Она приходит и поднимается, спрашивает и уходит. С квартирой надо быстро что-то решать, ни она, ни ее муж уже видеть не могут свое жилище. Он белеет и трясется, стоит фрау Мии Пиннеберг войти в комнату. Губы его превращаются в тонкую линию. Овечка взяла с него честное слово, что он ни словом не обмолвится матери о произошедшем, они съедут потихоньку, однажды утром исчезнут, и все – но как же тяжело ему приходится! Его так и тянет устроить скандал, заорать, разбить что-нибудь, а то и ударить мать. Овечка не очень понимает почему, но состояние своего мужа чувствует очень хорошо…
Любой другой уже почуял бы неладное, но фрау Пиннеберг-старшая трогательно безмятежна. Она на всех парусах влетает в комнату, где сидят молодые, бодро выкрикивает:
– Ну, чего нахохлились, как мокрые курицы?

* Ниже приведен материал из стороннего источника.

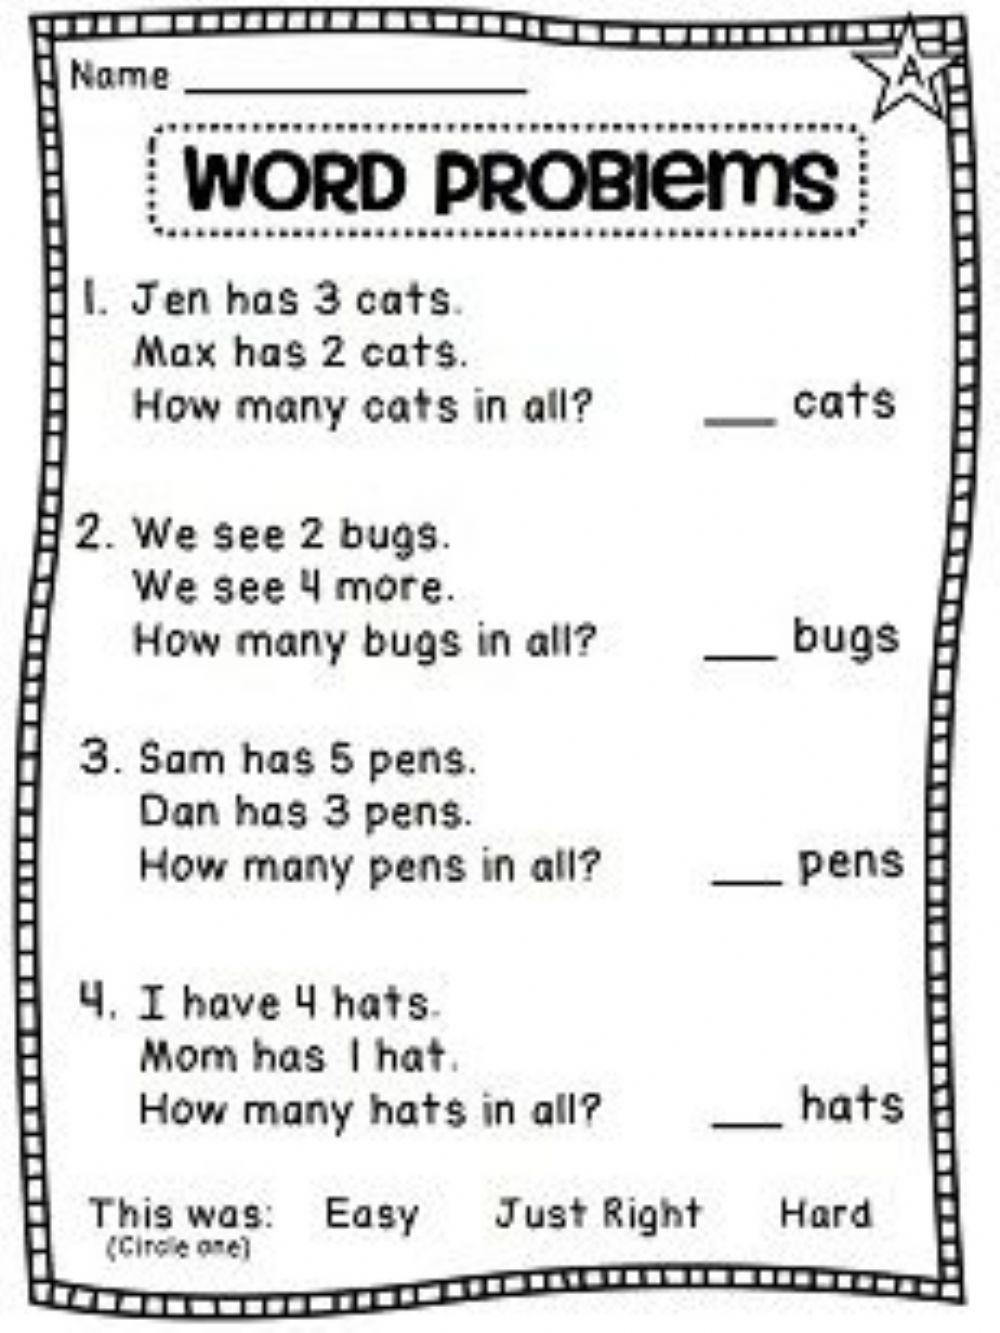 Word problems

Что за молодежь пошла! Да я в ваши годы…
– Да, мама, – говорит Овечка.
– Выше нос! Веселей! Жизнь и так паршивая штука, нечего сидеть киснуть! Я что хотела спросить: может, поможешь мне помыть посуду, Эмма? У меня там опять целая гора скопилась…
– Прости, мама, но я занята, шью, – отвечает Овечка.
Она прекрасно знает, что муж взбесится, если она согласится помочь.
– Ну ладно, пусть еще денек постоит. Может, завтра у тебя руки дойдут. Кстати, что ты все время шьешь? Смотри глаза себе не испорти! Нынче никто уже не шьет, гораздо проще и дешевле купить готовое.
– Да, мама, – смиренно отвечает Овечка, и фрау Пиннеберг отчаливает: расшевелила немножко эту молодежь!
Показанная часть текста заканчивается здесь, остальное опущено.